Home

Pandas

Pandas is a python package providing various data structures and routines for the analysis of data. It's popularity has made it the defacto library for analytics

The following tutorial is based on the lesson found at http://www.gregreda.com/2013/10/26/intro-to-pandas-data-structures/

In [2]:
# we begin by importing the required packages
import pyodbc as pydb
import pandas as pd
import numpy  as np
import matplotlib.pyplot as plt
pd.set_option('max_columns',50)
%matplotlib inline

Series

We begin by looking at series: a one-dimensional ndarray, like a vector or list, with axis labels.

SYNTAX:
pandas.Series( data[, index, dtype, copy])
Data := can be a list, dictionary, array, or simply a scalar
Index := must be unique and hashable.
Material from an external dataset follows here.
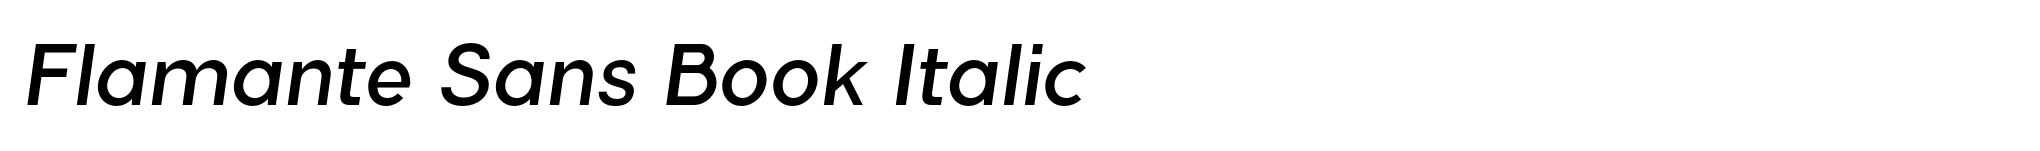 Flamante Sans Book Italic image

Will be assigned a zero based numerical index if not given.
dtype := is the data type. Will be inferred if omitted

Constructing

empty_series = pd.Series()
s = pd.Series([7, 'Heisenberg', 3.14, -1789710578, 'Happy Eating!'])

# You can also assign an index as follows
s = pd.Series([7, 'Heisenberg', 3.14, -1789710578, 'Happy Eating!'],
              index=['A', 'Z', 'C', 'Y', 'E'])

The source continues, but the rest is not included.